As chaplain, Jones is one member of the executive team at Emmaus Homes helping to make decisions about the agency. This would not be the first duty that comes to mind when we think of a chaplain, yet Jones is able to provide a  perspective of the mission from the eyes of those served. Jones told me that she will speak up in meetings and say, “I have a people story,” and share that story so that all of the decision-makers are reminded to ask if the decision we are about to make fits the mission. In Jones’ words, “the people come first.”

Jones is an ordained minister of the United Church of Christ and Emmaus Homes is a mission of the United Church of Christ and its Council for Health & Human Service Ministries (CHHSM). Emmaus Homes serves people of all faiths, and Jones makes the effort to connect residents with the faith community of their choice. Catholic Mass is offered regularly in the chapel. A local rabbi assists when a Jewish resident’s spiritual needs make that appropriate.

There is a chapel on the campus. It is a classic building, red brick with a white and metalic steeple. The inside is large, painted in cool tones to complement the windows of blues and lavenders. The glorious stained glass window of Jesus and the two friends walking on the road to Emmaus is the centerpiece of the room.  A few years ago, chairs replaced the front pews.  It is easier to get around for those in wheelchairs or using walkers. It also provides options for Bible study or special services since the chairs can be moved into a circle, semi-circle, or rows, if desired.

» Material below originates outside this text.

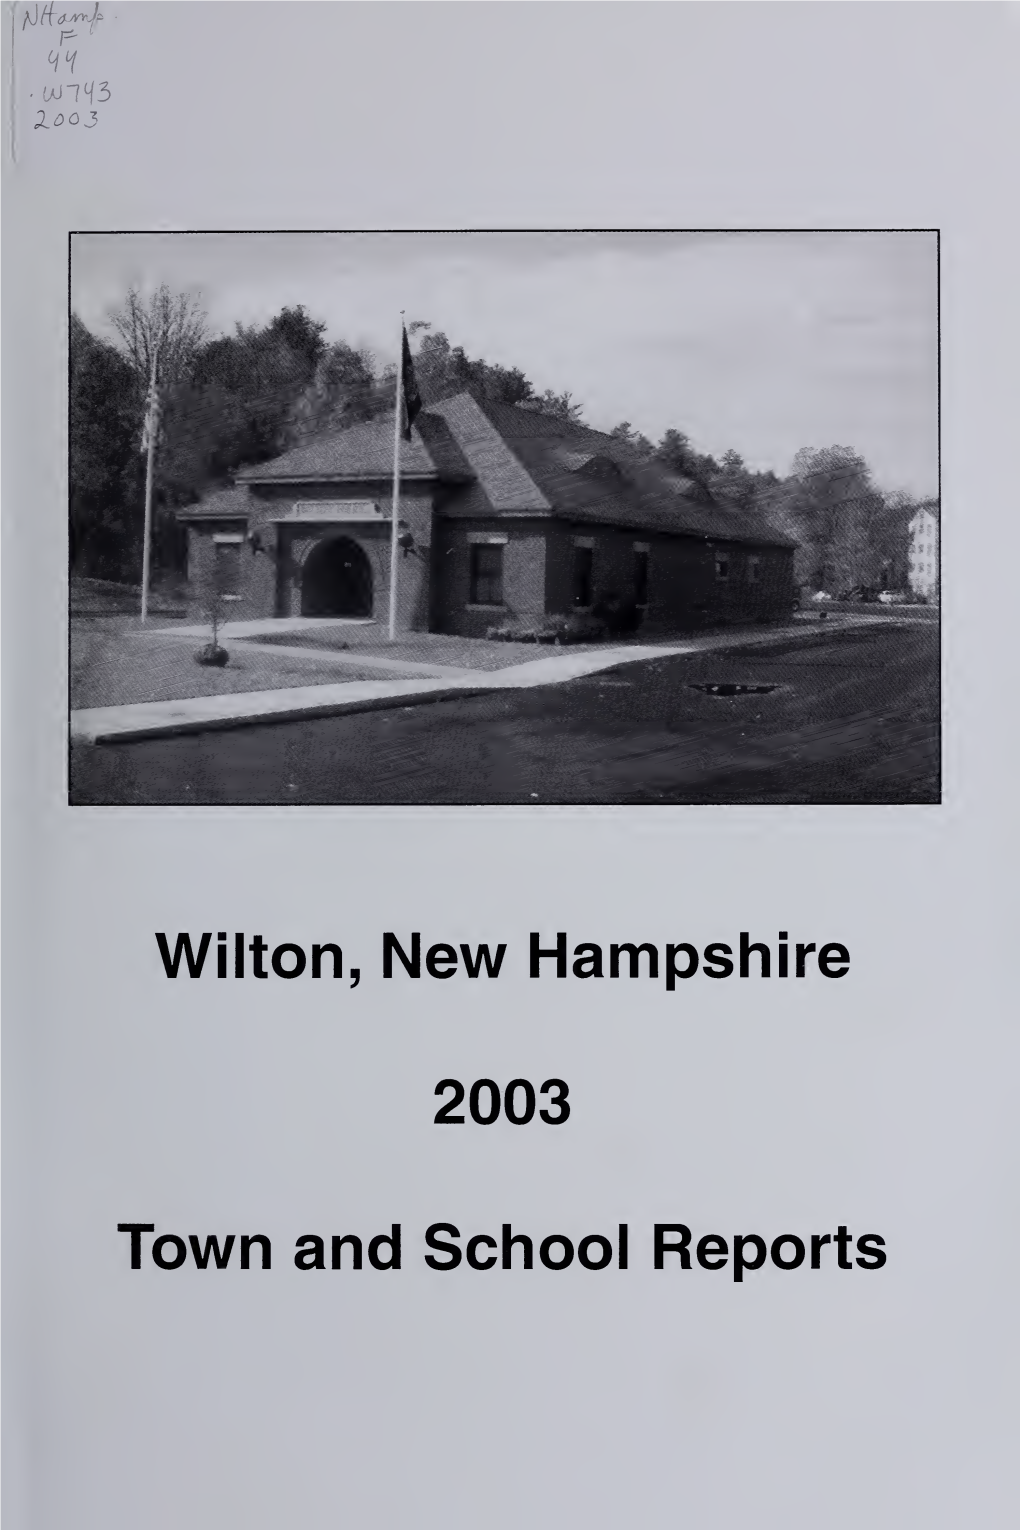 Annual Report of the Town of Wilton, New Hampshire

I attended a Sunday worship service in the chapel in early August. Residents came in walking or using walkers. Some powered in with motorized wheelchairs or rolled-in manually. There were hugs and waves among the 40 or so residents and staff attending. We were of all ages, races and abilities. The order of worship was traditional, yet the tone and style of the worship Jones set was conversational, open, inviting and just plain happy. I observed and joined in the Wednesday Bible study. Fifteen or more of us prayed, read and asked questions of the scripture, and enjoyed fellowship which included some singing.  Again, the atmosphere was welcoming and easy-going. All felt comfortable to speak up or make a joyful noise when singing.

Two banners have prominent places in the chapel. One says “O How He Loves You and Me,” and the other reads “And I’ve Got Joy In the Lord.” These are recent additions to the chapel but they sum up for me the ministry that springs forth from the care and compassion of Jones – love and joy.  

Full disclosure: Currently, I have contracted with Emmaus Homes to provide pulpit supply for the chapel at Emmaus Homes West in Marthasville, MO.